Adding a security key to Gmail - idlewords
https://techsolidarity.org/resources/security_key_gmail.htm
======
lrvick
I would advise against Google Authenticator as a backup as it really defeats
the point of a hardware token.

Google Authenticator stores the TOTP secret in plaintext on your device where
the potential exists for it to be stolen. An adversary that exploits your
phone can generate TOTP tokens as they like and ignore the fact you have a
hardware token. If you are going to use Google Authenticator it is your
weakest link and a security token buys you no added security, only ease of
use.

The typical goal of a security token is to be able to assert: "No one can log
into my account without this physical device or an offline backup token from
my safe"

To acheive this consider a device with built-in TOTP support in addition to
U2F. All current Yubikeys fit the bill here as as well as some Nitrokey
models. Desktop or Android users can use the either USB or NFC devices but it
is worth noting that iOS lacks support for either which means you would need a
desktop or Android device to fetch TOTP tokens for an iPhone.

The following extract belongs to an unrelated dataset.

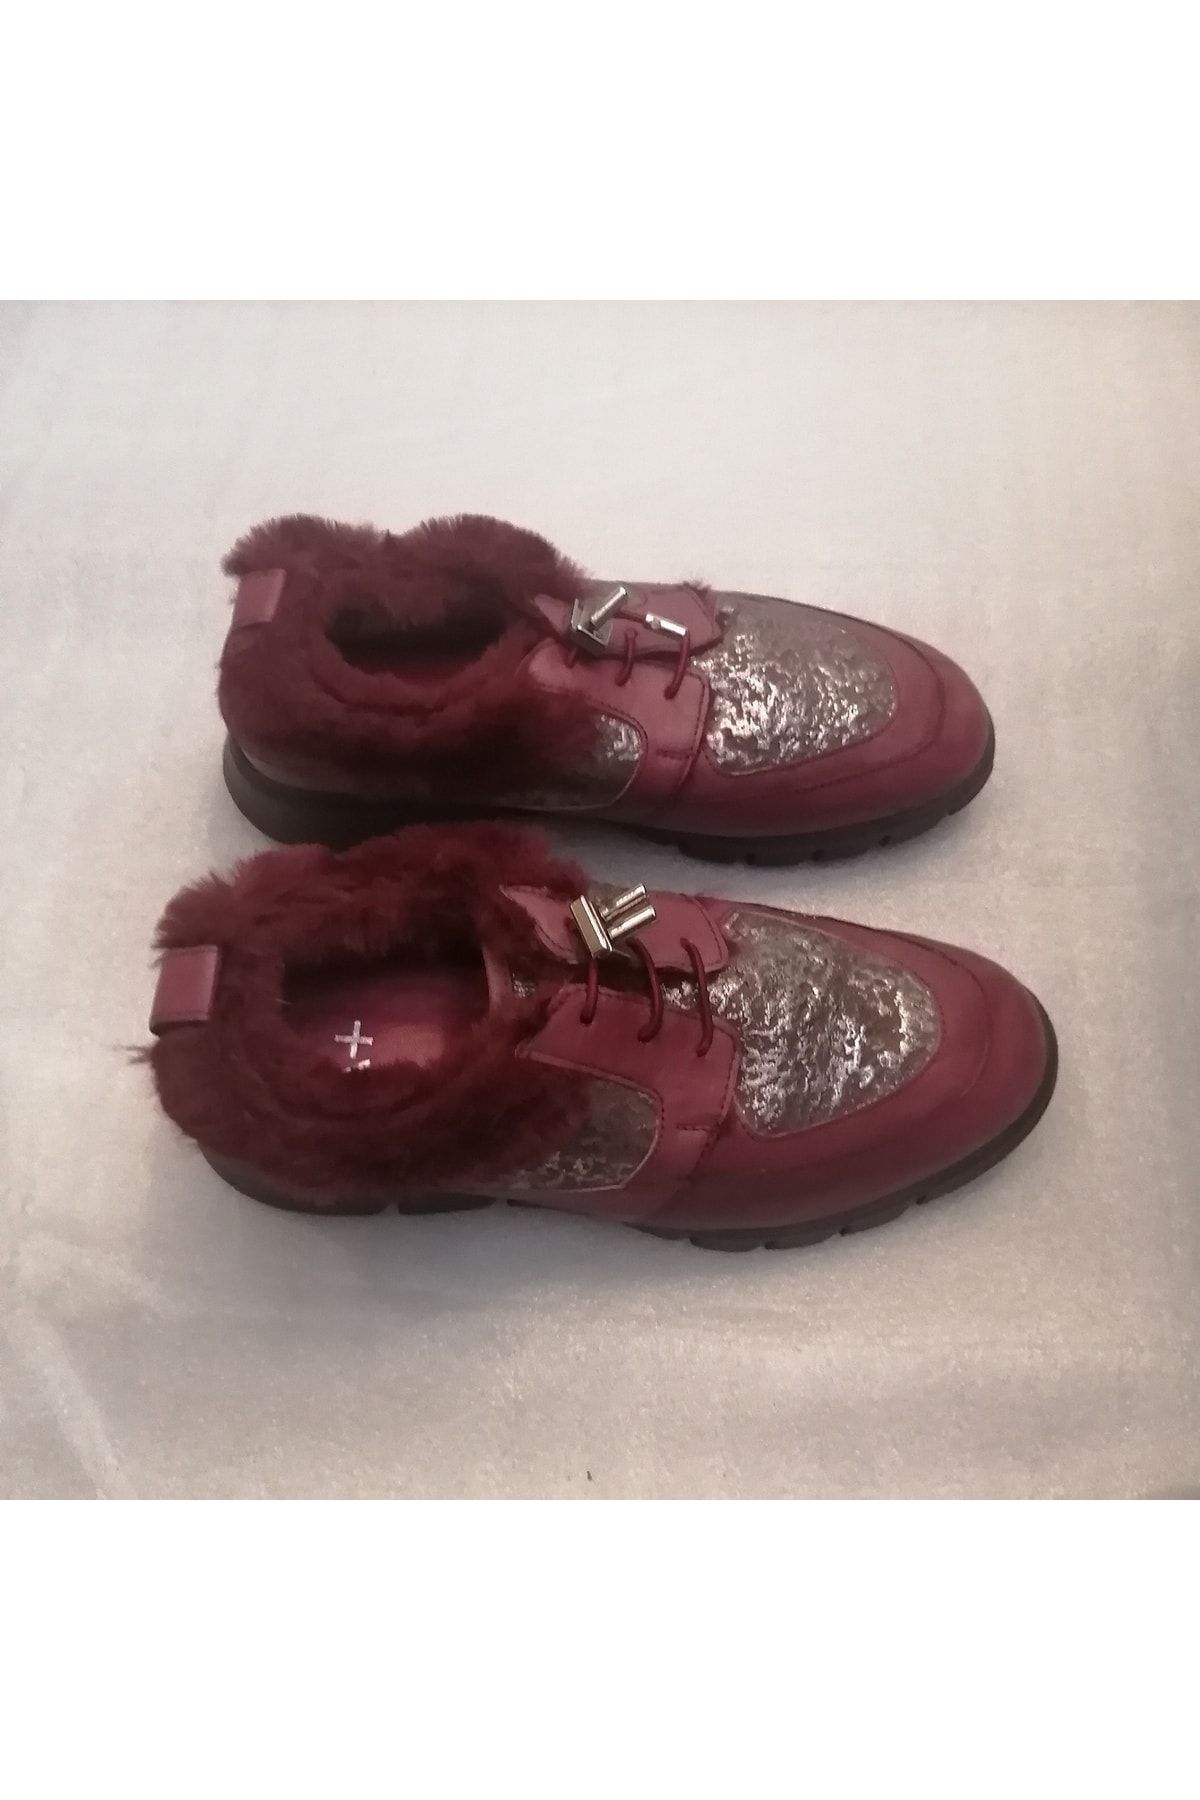 Sail Lakers Kadın Hakiki Deri Bordo Antik Gümüş Baskı Kürklü Eva Tabanlı Yumuşak Bağcıklı Ayakkabı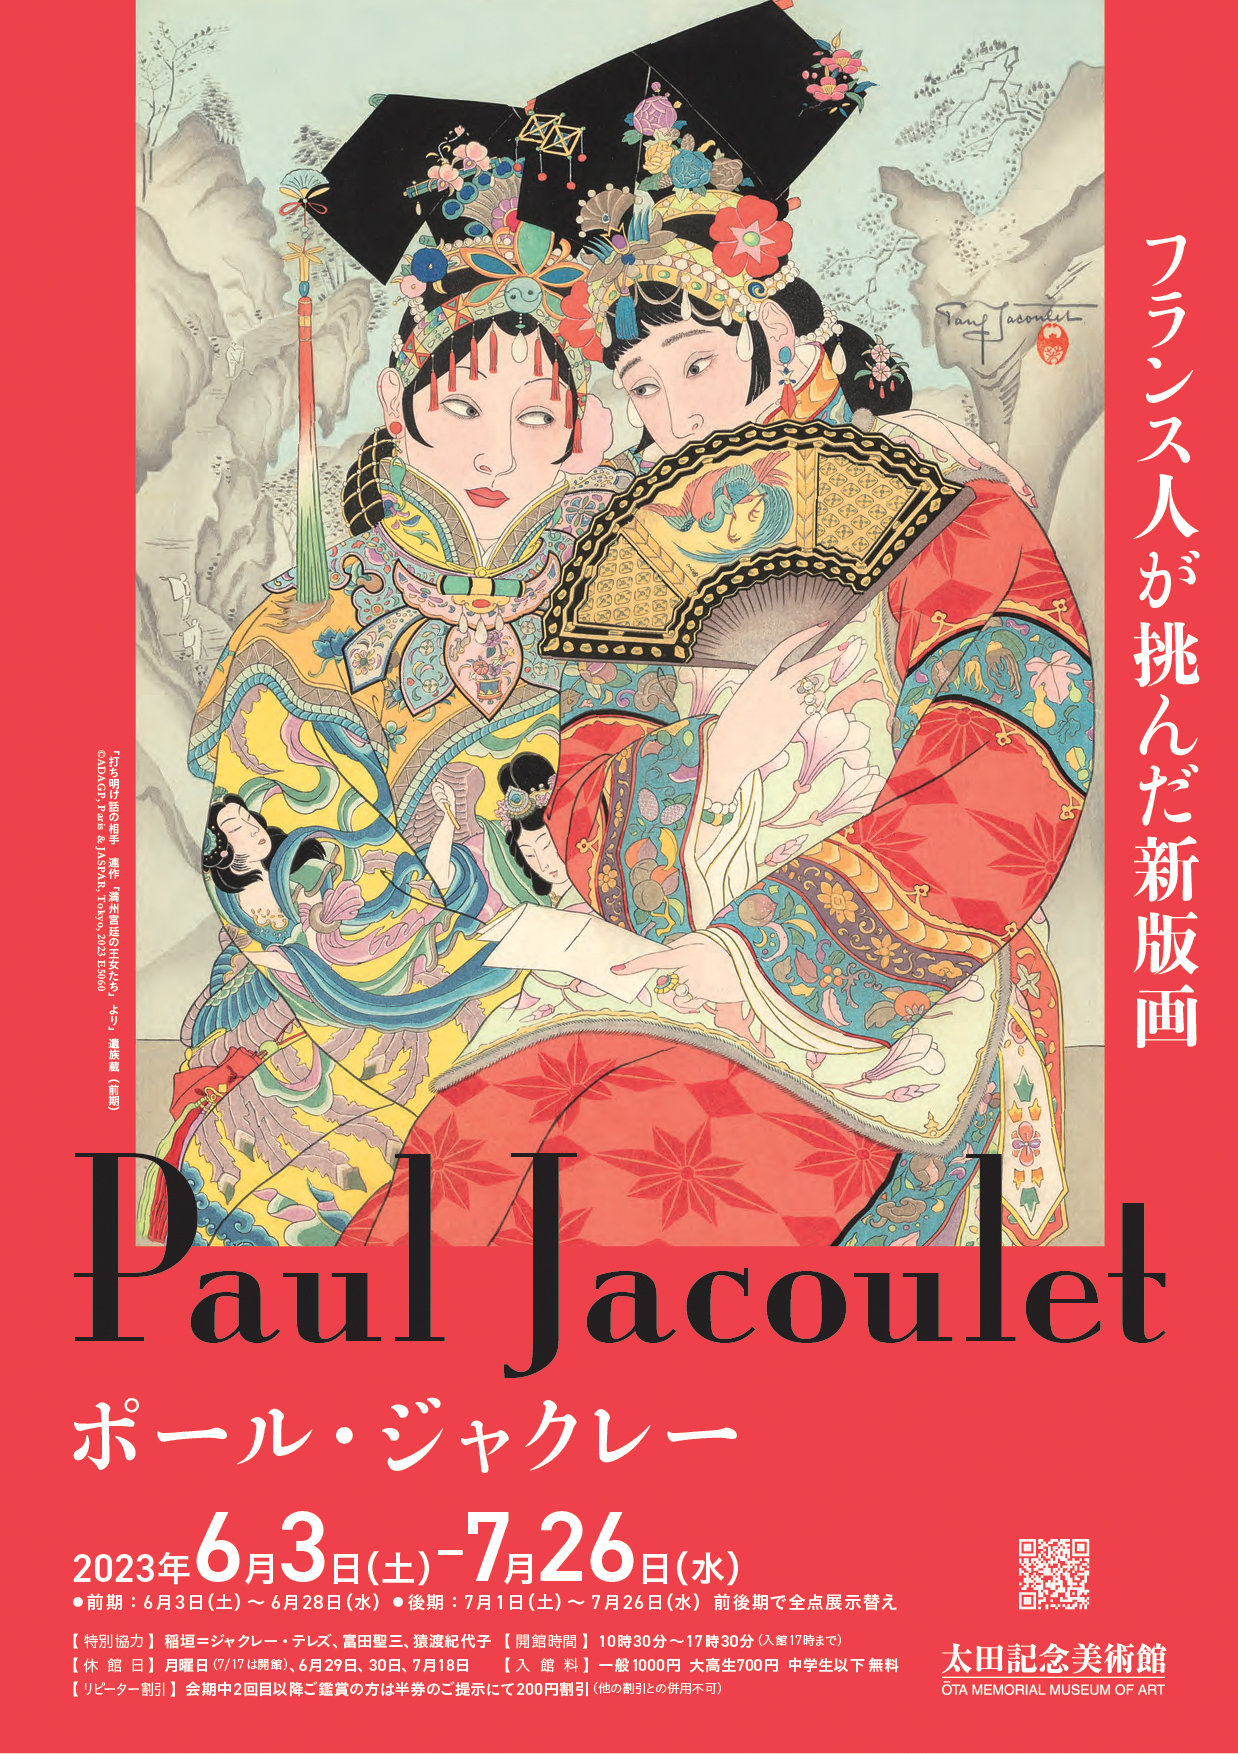 Woodblock Prints Exhibition of Paul Jacoulet （Ota Memorial Museum

You can use the open source "Yubico Authenticator" apps to store your TOTP
secrets in your key alongside your U2F secret. Now both methods use the same
hardware and your phone/computer only get handed OTP codes from the key if
present, but can't generate them itself.

Added bonus is now you can now use security token backed login even on the
majority of sites/browsers today that lack U2F support.

Extra bonus is these keys can be used for ssh without any server changes.
Security token all the things :)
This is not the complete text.